Meeting Practical Needs and Constraints of Public Education
To bring about real and lasting transformation of science instruction, OpenSciEd materials are designed to be practical and realistic for educators to implement. Instructional materials help teachers plan and implement coherent three-dimensional learning experiences for all students in every activity, and include meaningful optional learning opportunities after specific points in a unit to motivate students to think, talk, and explore outside of school. Teachers are guided in using student work for grades while also providing meaningful feedback to students about their learning. Computational technology supports three-dimensional science learning, within school constraints. Students are provided with the greatest possible opportunity to engage in scientific and engineering practices with appropriate tools and techniques, within school constraints.
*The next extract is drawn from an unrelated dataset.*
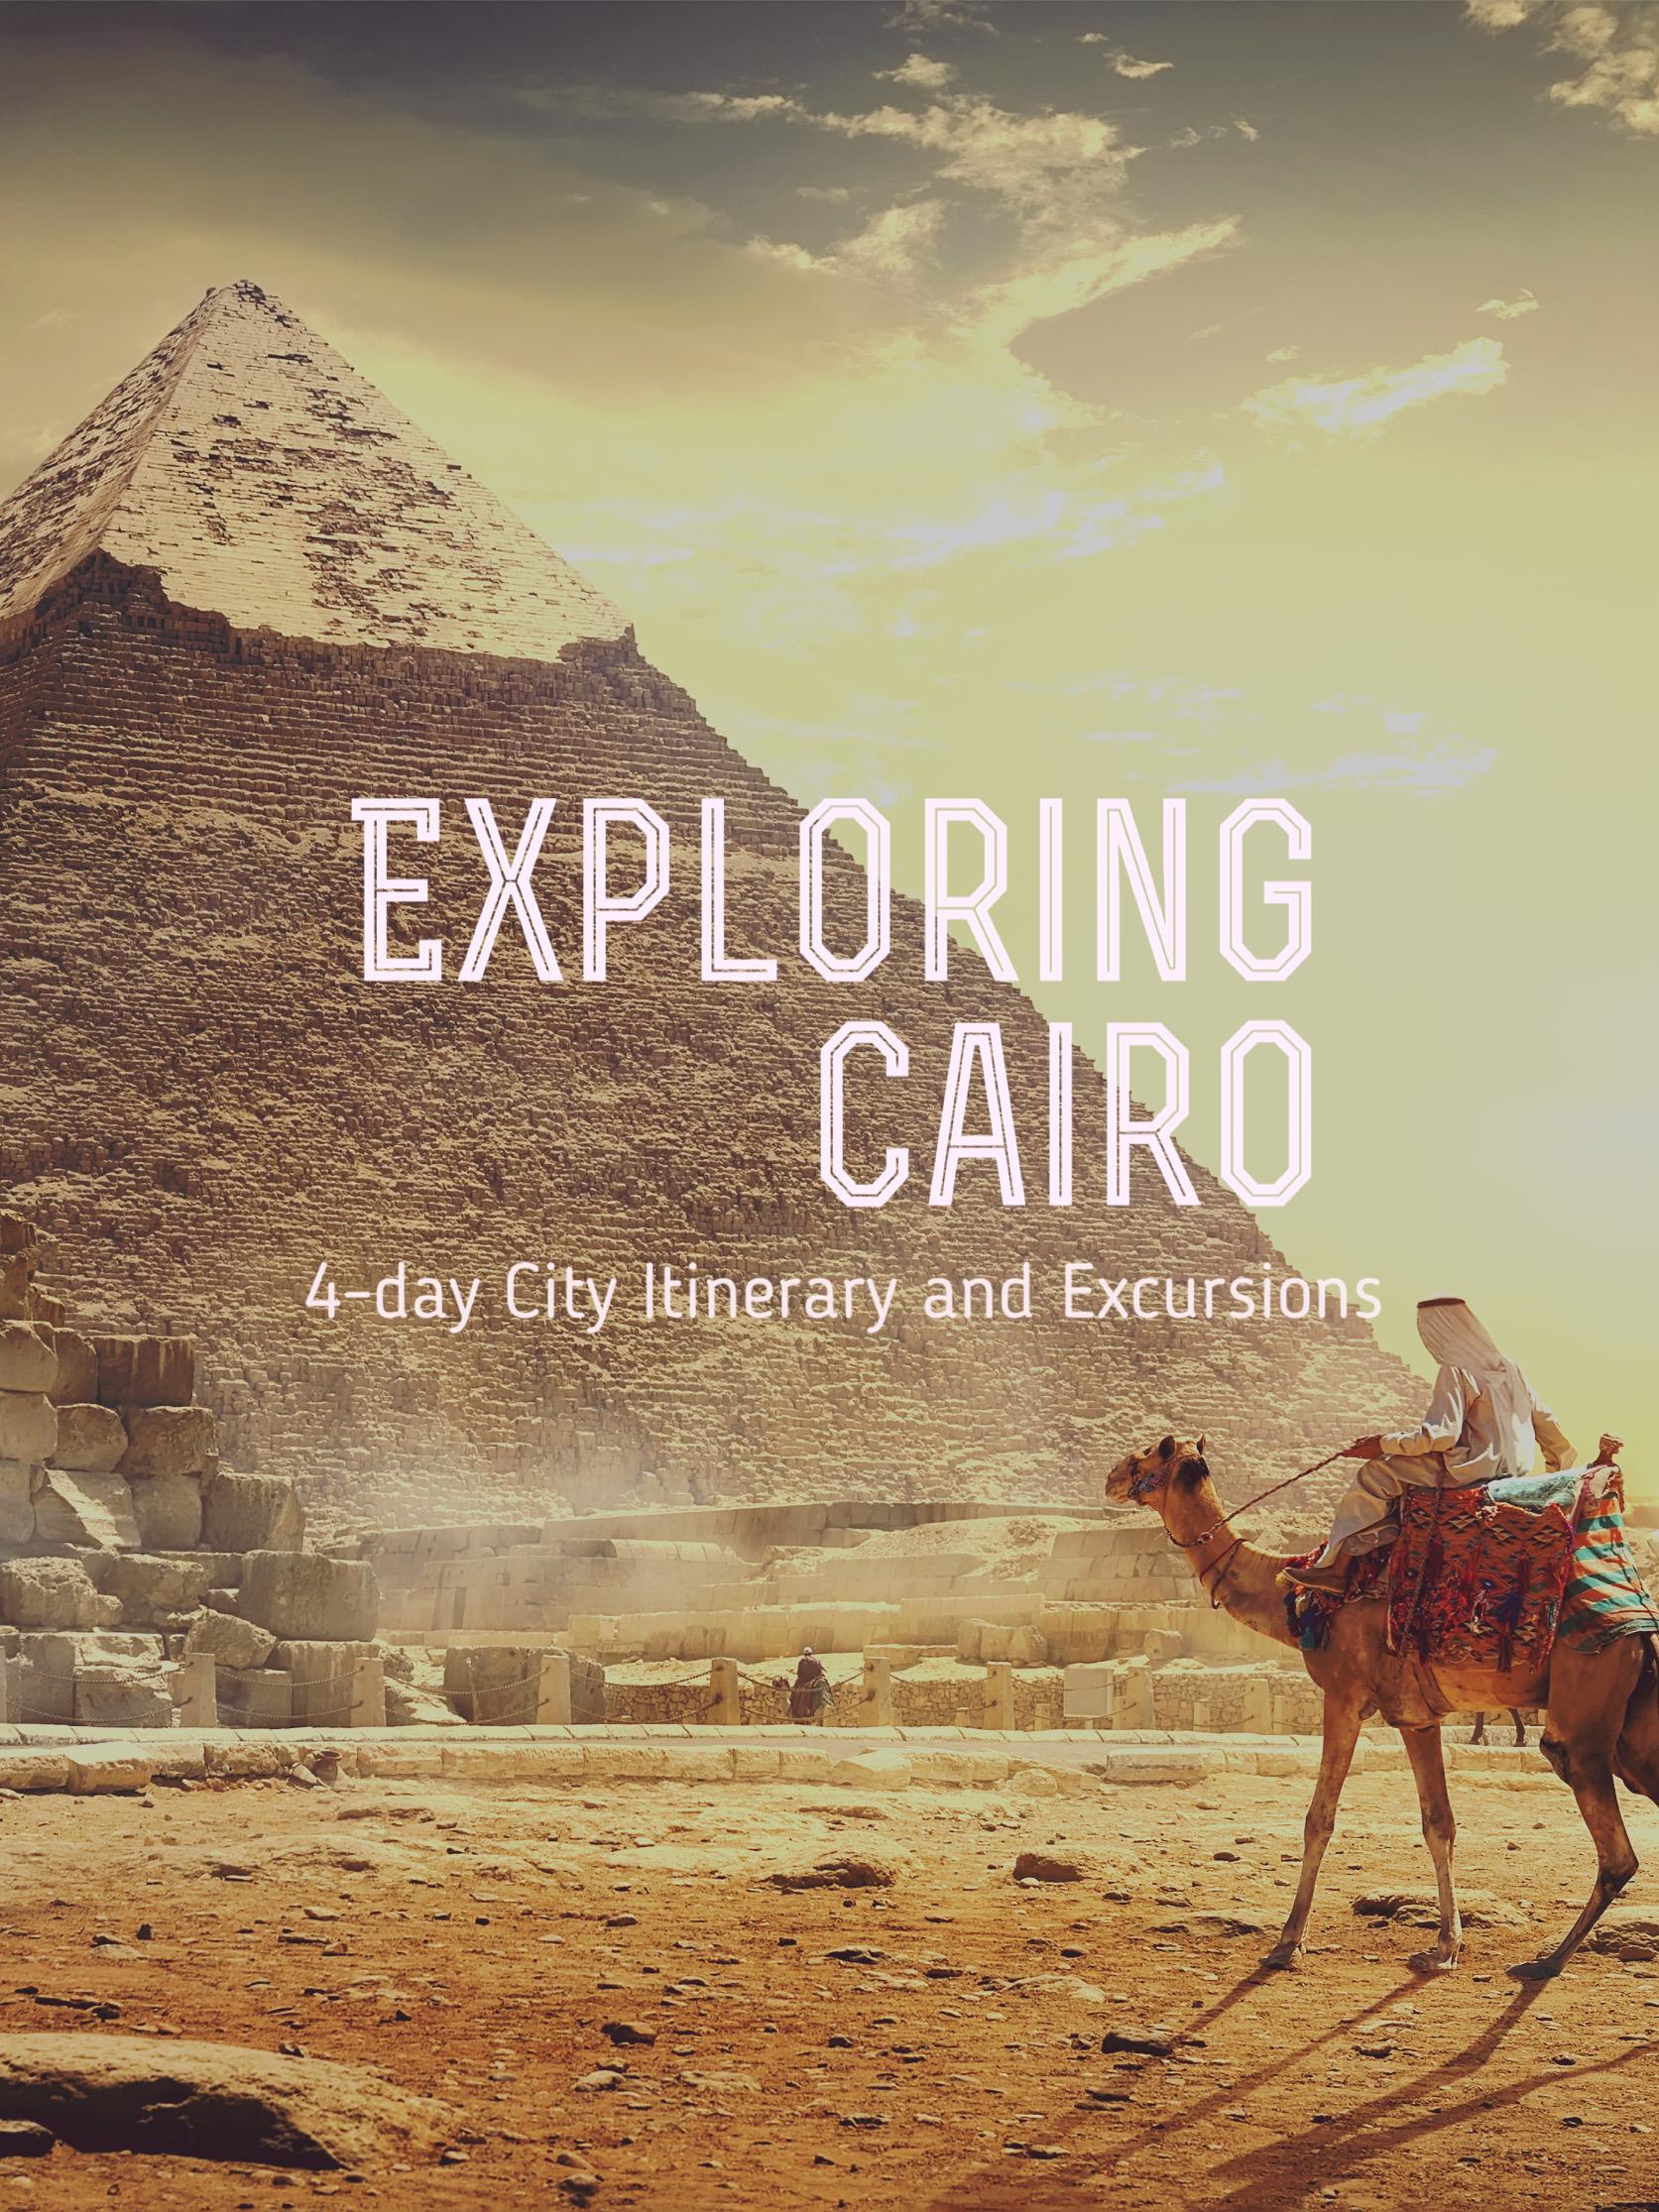 Exploring Cairo: 4-day Itinerary and City Walk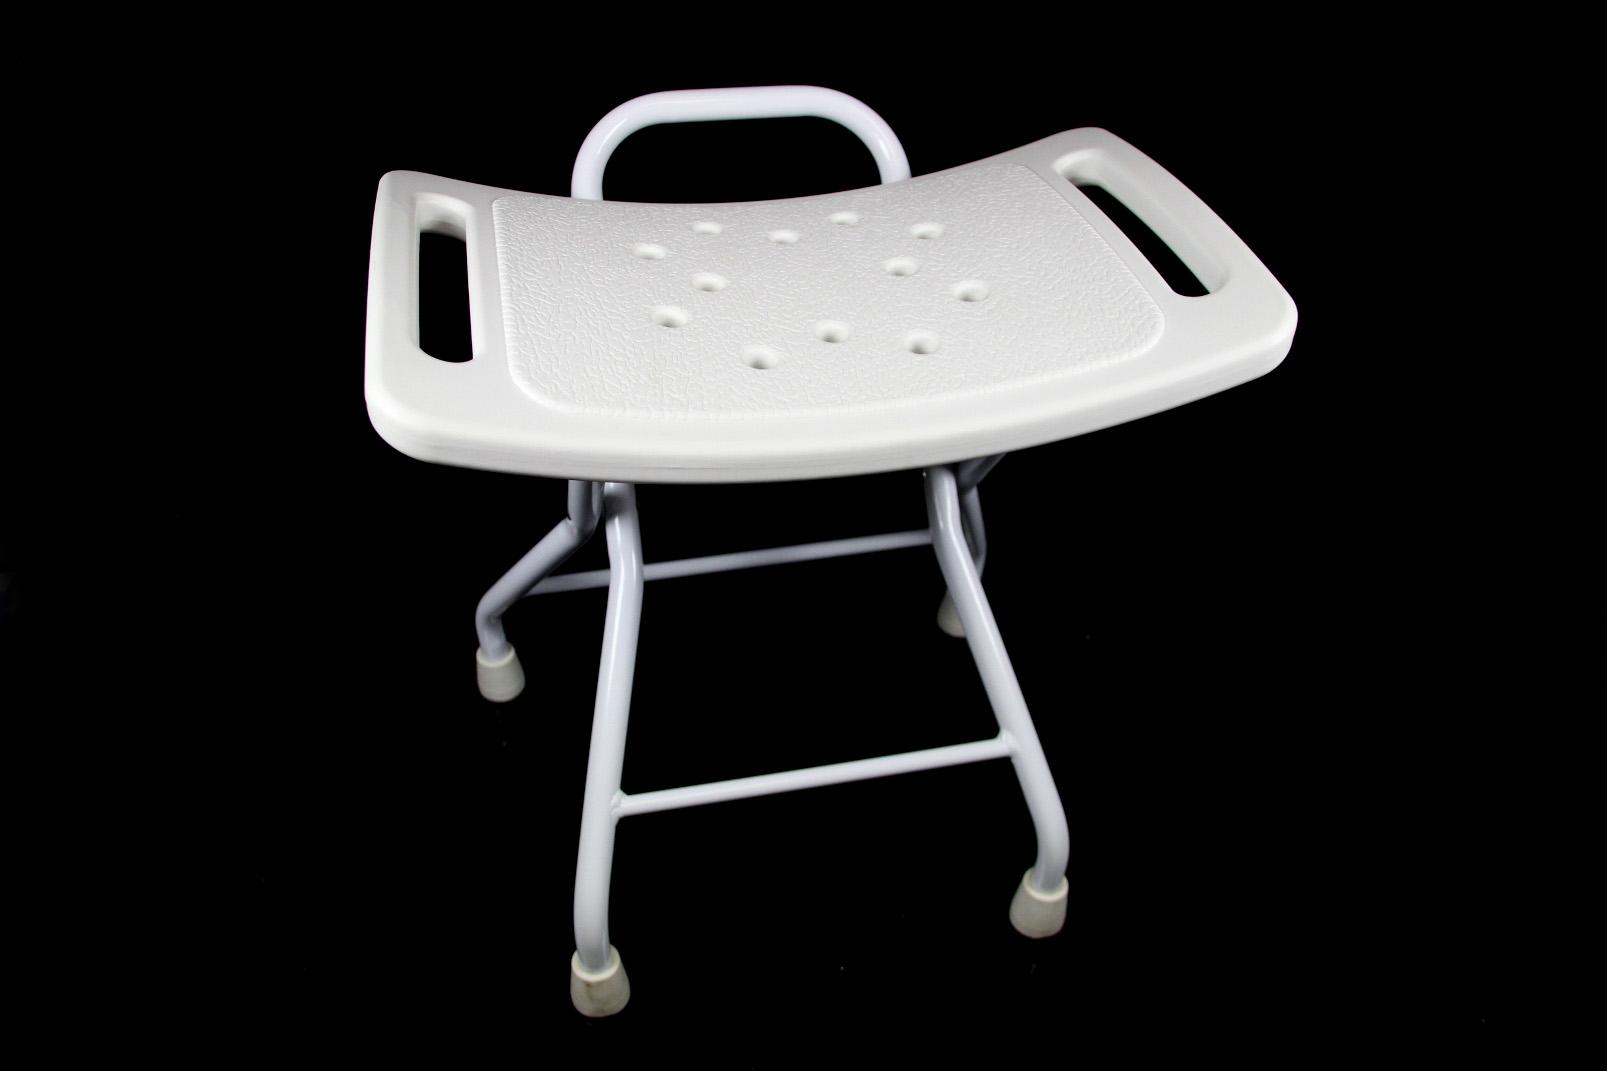 klappbarer duschhocker duschhilfe metall kunststoff wei dusch stuhl bad hocker ebay. Black Bedroom Furniture Sets. Home Design Ideas

Resources for Staying Grounded While Teaching Remote
The Remote Learning Resources linked below contain detailed information about adapting the OpenSciEd routines to a remote learning environment. They also provide a variety of approaches to remote learning, including options for students who do not have internet access.
- Fostering Productive Norms
- Anchor Phenomenon Routine
- Navigation Routine
- Supporting Discourse
- Problematizing Routine
Guidance on Modifying Instructional Units
The instructional materials are an Open Educational Resource with the explicit goal of supporting the adaptation and customization of the program for different goals and circumstances. Teacher materials include guidance on possible modification to the units, the implications of potential changes, and the rationale behind the sequence and design of activities that will allow others to adapt, modify, and customize the materials in a way that still achieves the goals of the program. Teacher materials also provide educators with information about pacing, including when activities can be compressed or extended.